What it actually means is that they'll either drop channels that won't negotiate, and focus more on providing only channels they create, or the third-party channels they keep will need more ads - more in-show ads - and cheaper shows (reality TV) to make up the difference in revenue they lost.

I don't like the content providers either (give me a la carte or give me death!) but TWC and Comcast at two separate negotiating tables is much better for consumers than a merged monolith at one table.

Comment Re:Value for money (Score 1) 214

Alamo food isn't really that good any more. They seriously buggered up their menu a year+ back, and basically offer just burgers and (small) pizzas now. I think the owners are more focused on their Drafthouse Films brand and being a distributor now rather than stay focused on the perfect movie experience.

It's still a good place to see a film that you can't see anywhere else, but if you're seeing a major release, even Austin has theaters with a better experience - Flix Brewhouse for one.

Comment Re:My daughter (Score 1) 205

Why assume 2200? In my experience, more things now rely on two digit years, not less. If a bad programmer today is coding something that never deals with historical records, only future dates, what is the incentive to be diligent about using four digit years? We've already established he's not very good, and if he even thought about, it, he probably assumes he won't be working 86 years from now when someone notices his bug.

Comment Re:Netflix rating engine sucks (Score 2) 86

Sure, but it's so much worse now than it was then. I was trying to add old Doctor Who to my DVD queue. With each add it pops up other recommendations, but a lot of the time none of them were Doctor Who episodes!

It seems to recommend obscure crap when I'm adding a popular/cult item, and it recommends Frozen or some other recent big budget thing when I'm adding older obscure stuff. I have to think their algorithms have been messed with by their marketing and suits to push things their distribution contracts require them to, not what their users actually want.

Comment Re:Wait until those lamers find out... (Score 2) 385

If you are using concentrated solar thermal instead of photovoltaics, the molten slag is your battery. Use both so you get PV in the morning when your salt is cool. Winds are higher in the morning too. And of course a safe thorium reactor for baseline never hurt anybody.

Comment Re:And this surprises... who? (Score 4, Interesting) 191

Most senior citizens (those 65 or older) became senior citizens since 1995, when the web started taking off.

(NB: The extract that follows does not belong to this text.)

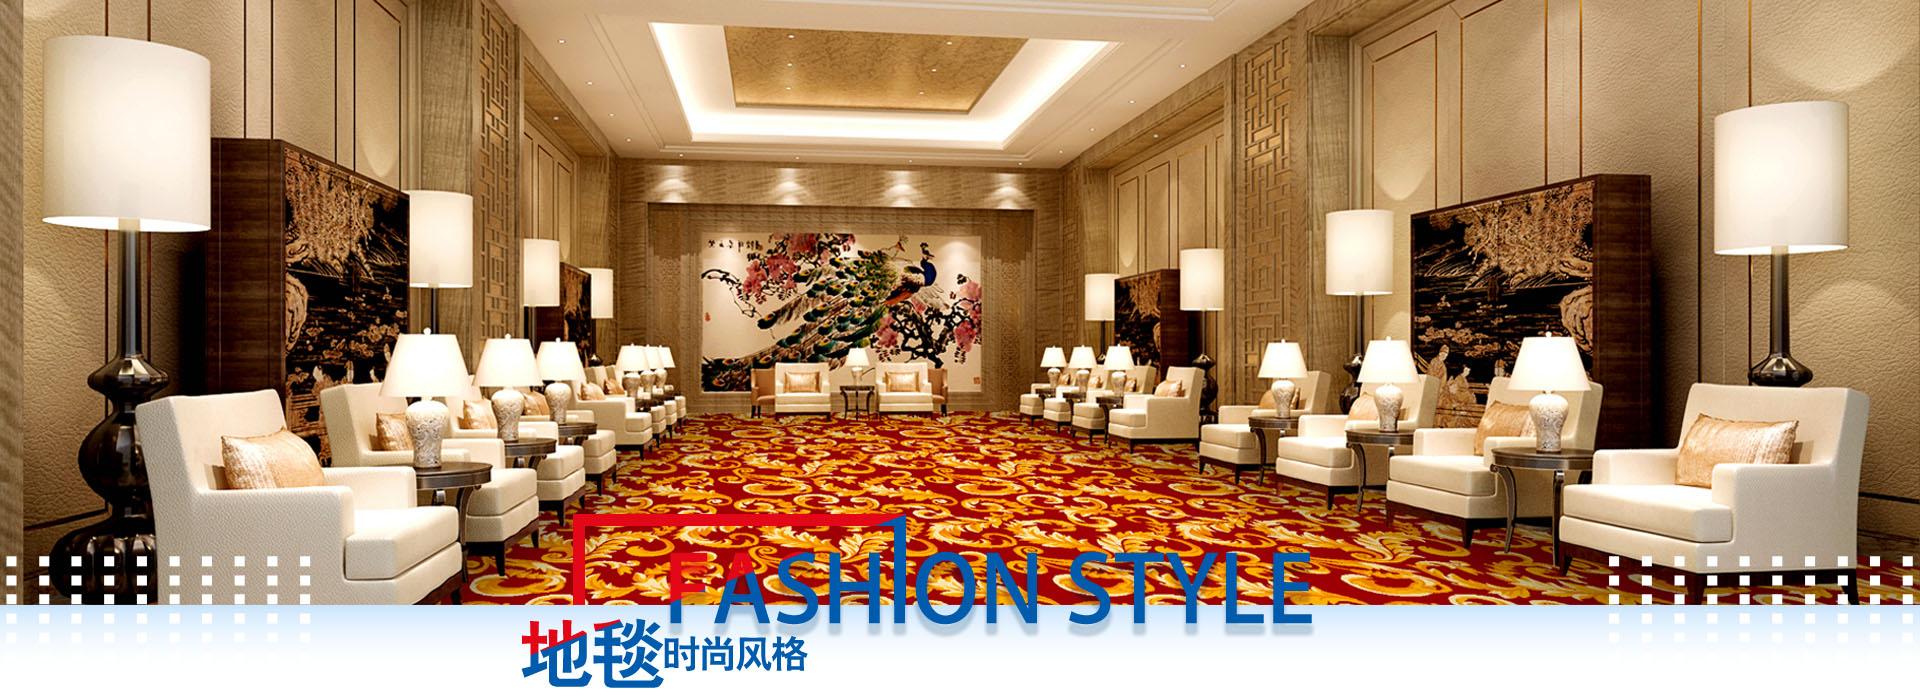 會客廳地毯

Many became senior citizens after 2005, when it had mostly saturated middle-class households.

It's not so much that granny embraced the internet, it's that she embraced the internet and then aged into being "granny".

Comment Re:This just illustrates (Score 2) 365

When I lived in regular Texas, Green Mountain was my 100% wind provider, and my rates only went down for the ~6 years I used them.

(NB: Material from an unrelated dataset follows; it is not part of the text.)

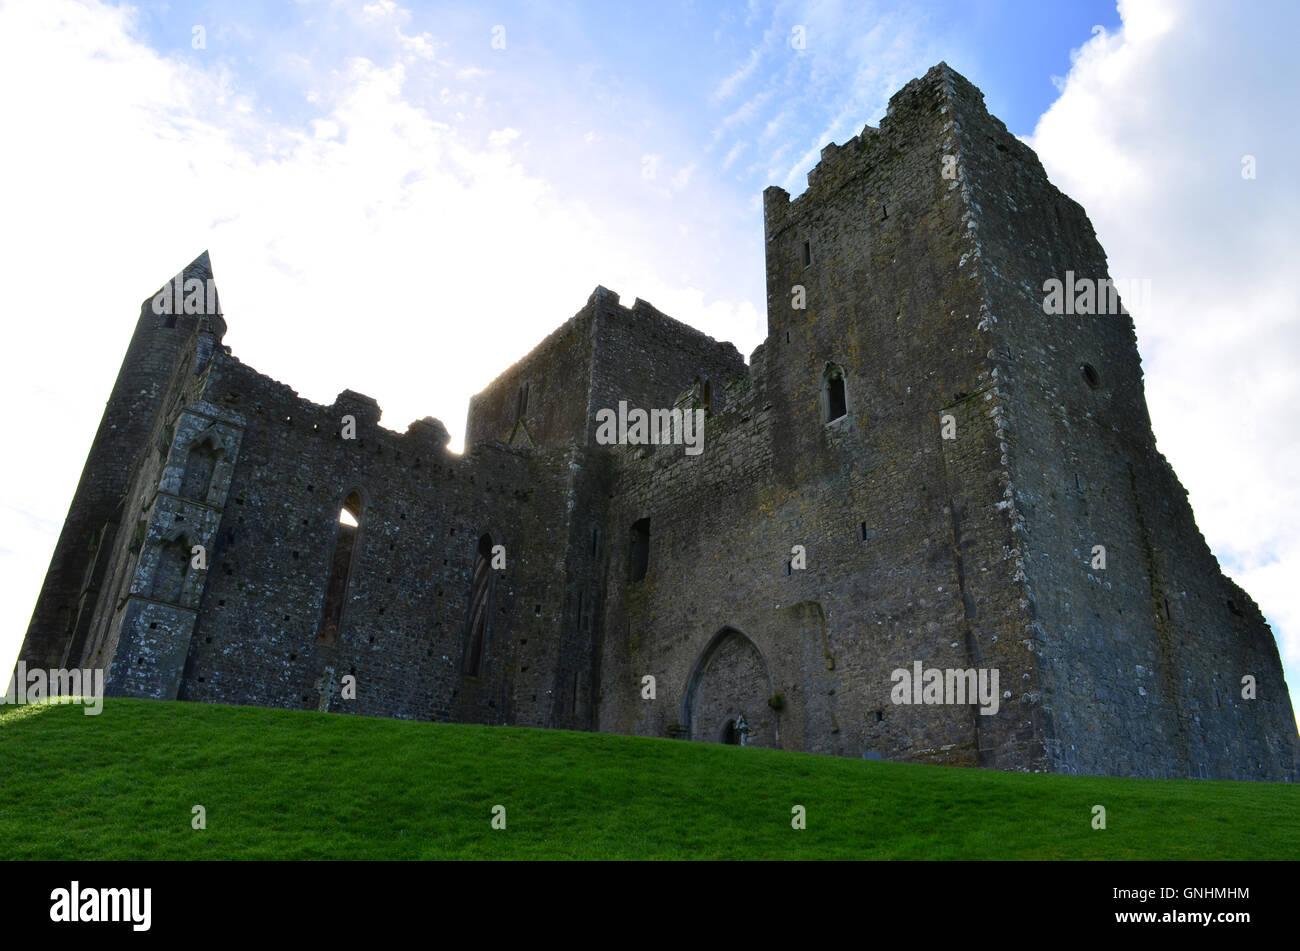 Standing ruins of the Rock of Cashel in Ireland. - Stock Image

Austin doesn't give me a choice as I have to use the municipal service. I'm still 100% wind but angry they didn't grandfather my past record of wind power into a lower early adopter rate.

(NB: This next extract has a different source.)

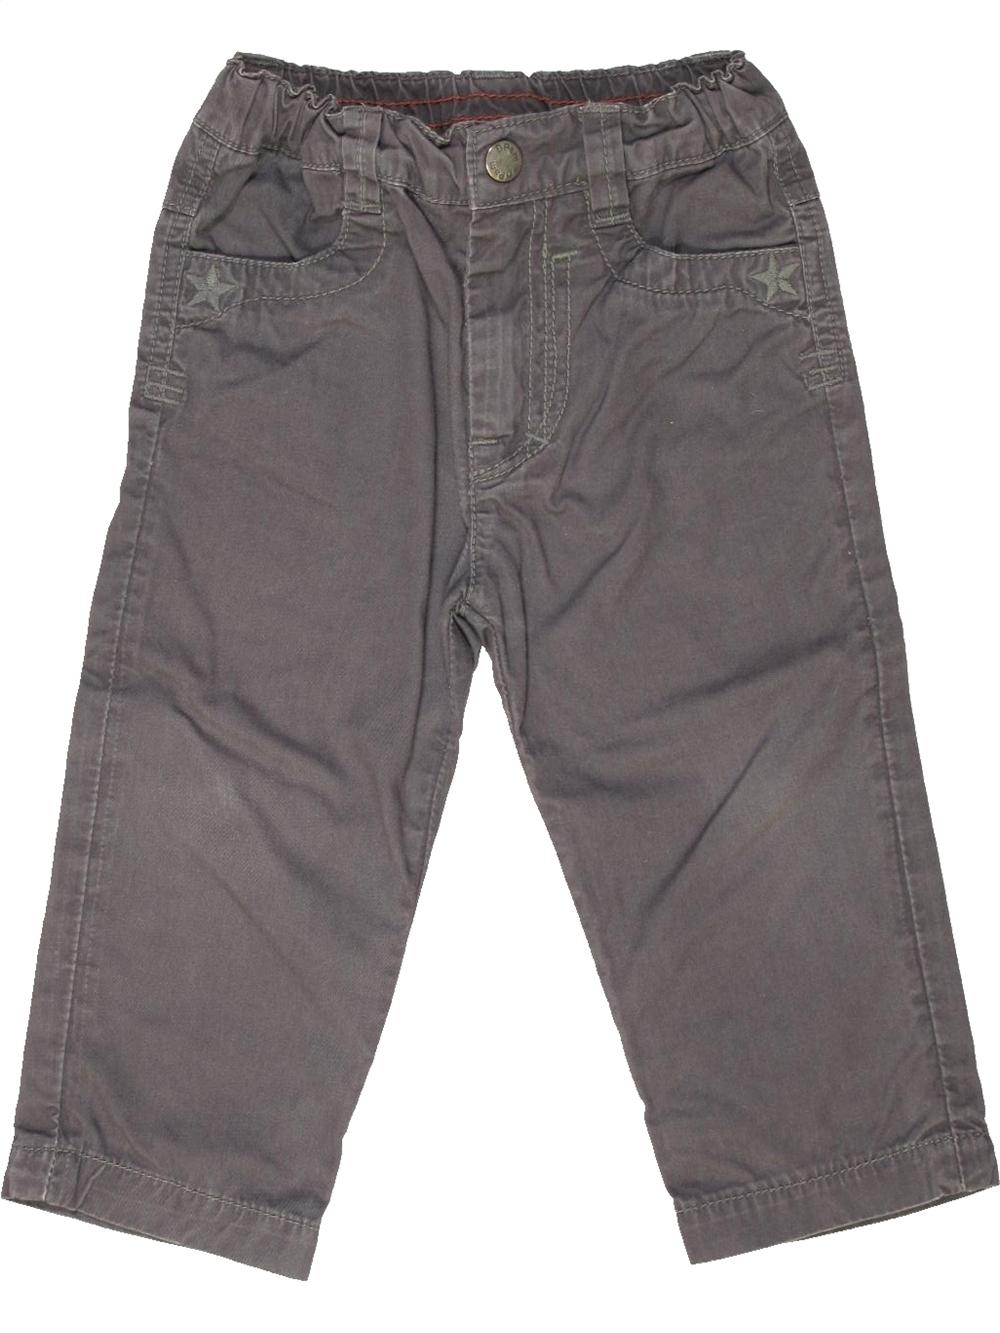 pantalon garcon dpam 18 mois pas cher. Black Bedroom Furniture Sets. Home Design Ideas

Comment Re:Good. (Score 1) 188

While there are some libertarians that support regulation of trade speech, many seem to prefer caveat emptor. Fraud, then, would be policed not through prevention but through litigation, or (for some libertarians) not at all, and instead be a life lesson.

What would that life lesson probably be? "This libertarian utopia sucks; I want regulation back." At least that's my guess.

Comment Re:One disturbing bit: (Score 4, Insightful) 484

On the other hand, if you contracted with your neighbor to rent a patch of his land, and you ran your own antenna up there so you could get the OTA signals yourself separately from his reception, that should be A-ok. That's even true if he already had a spare antenna installed and you just rent it from him.

Comment Re:One disturbing bit: (Score 2) 484

Dinah's The Hopper is similar to, but not exactly the same as, this service. The equipment is still owned centrally and rented to each user; it just resides in distributed houses rather than one central location, and is streamed over the user's personal bandwidth instead of a company's. That is, unless The Hopper is installed in an office.